## Task statement
Your job with the data below is to output exactly the lines from the one holding "DTC WILL SET" down to the one holding "The voltage at", both included, and no others.

## Records for processing
══════════════════════════════

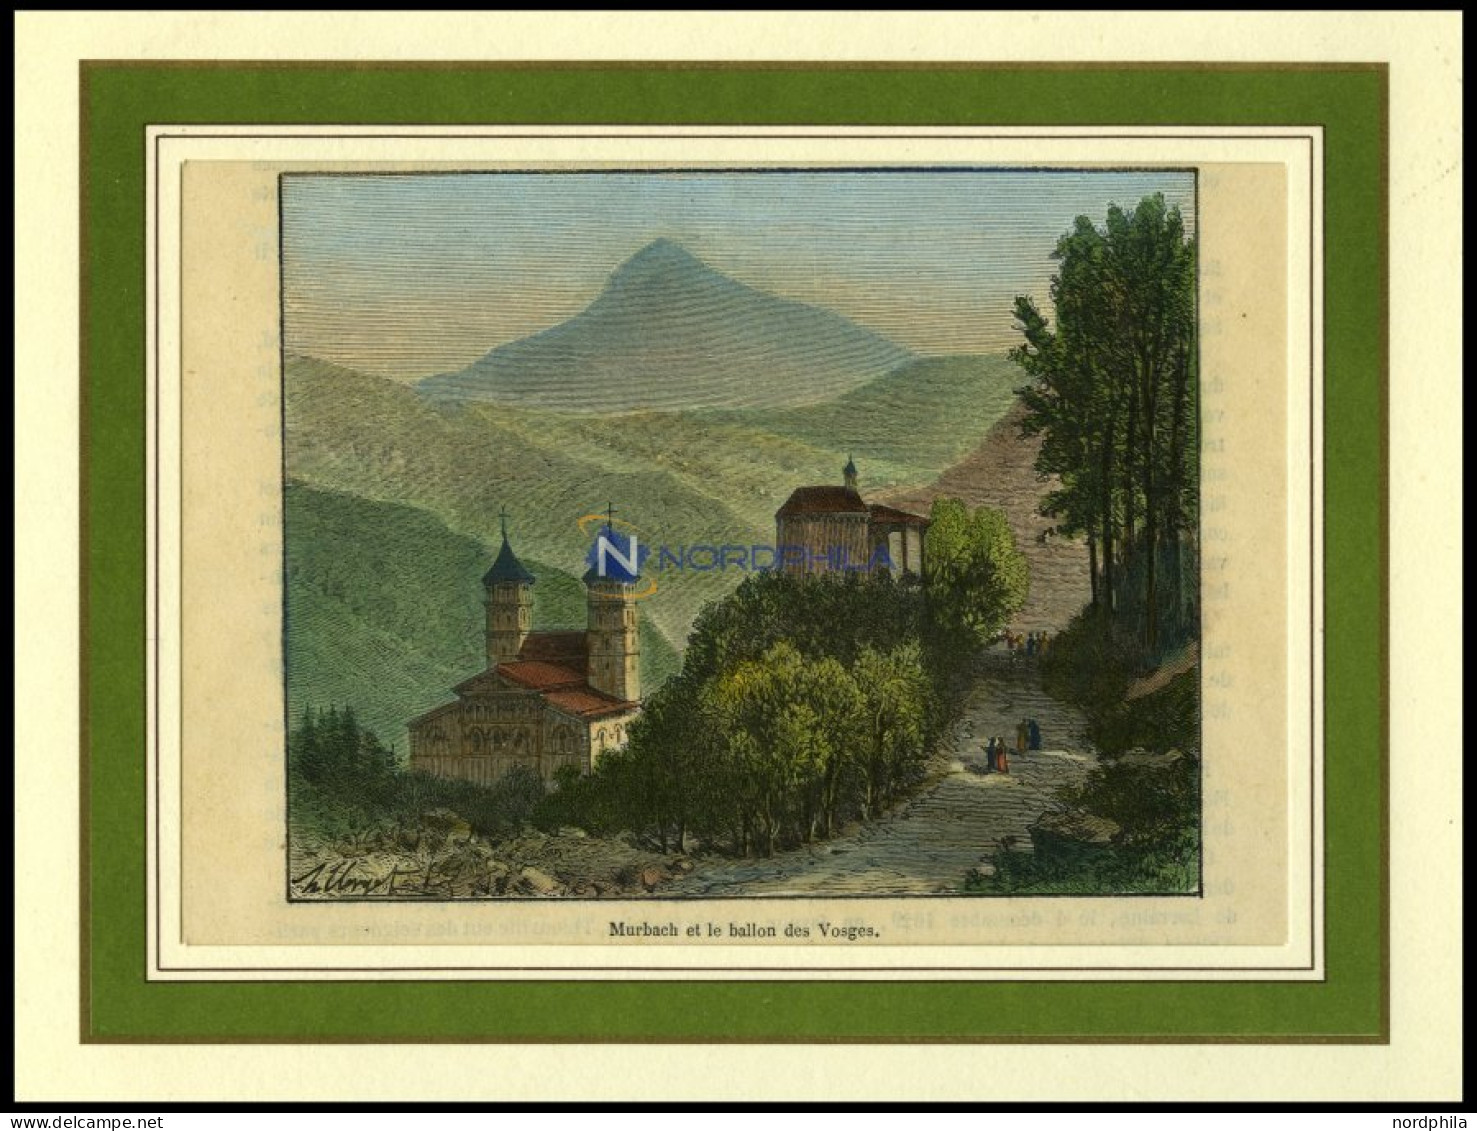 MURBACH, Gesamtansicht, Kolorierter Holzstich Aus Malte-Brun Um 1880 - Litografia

══════════════════════════════

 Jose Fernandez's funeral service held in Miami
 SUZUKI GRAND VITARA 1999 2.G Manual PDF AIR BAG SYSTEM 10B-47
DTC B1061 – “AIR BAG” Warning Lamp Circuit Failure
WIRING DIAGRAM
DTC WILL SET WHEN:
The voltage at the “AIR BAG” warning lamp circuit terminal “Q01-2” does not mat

══════════════════════════════

## Answer
DTC WILL SET WHEN:
The voltage at the “AIR BAG” warning lamp circuit terminal “Q01-2” does not mat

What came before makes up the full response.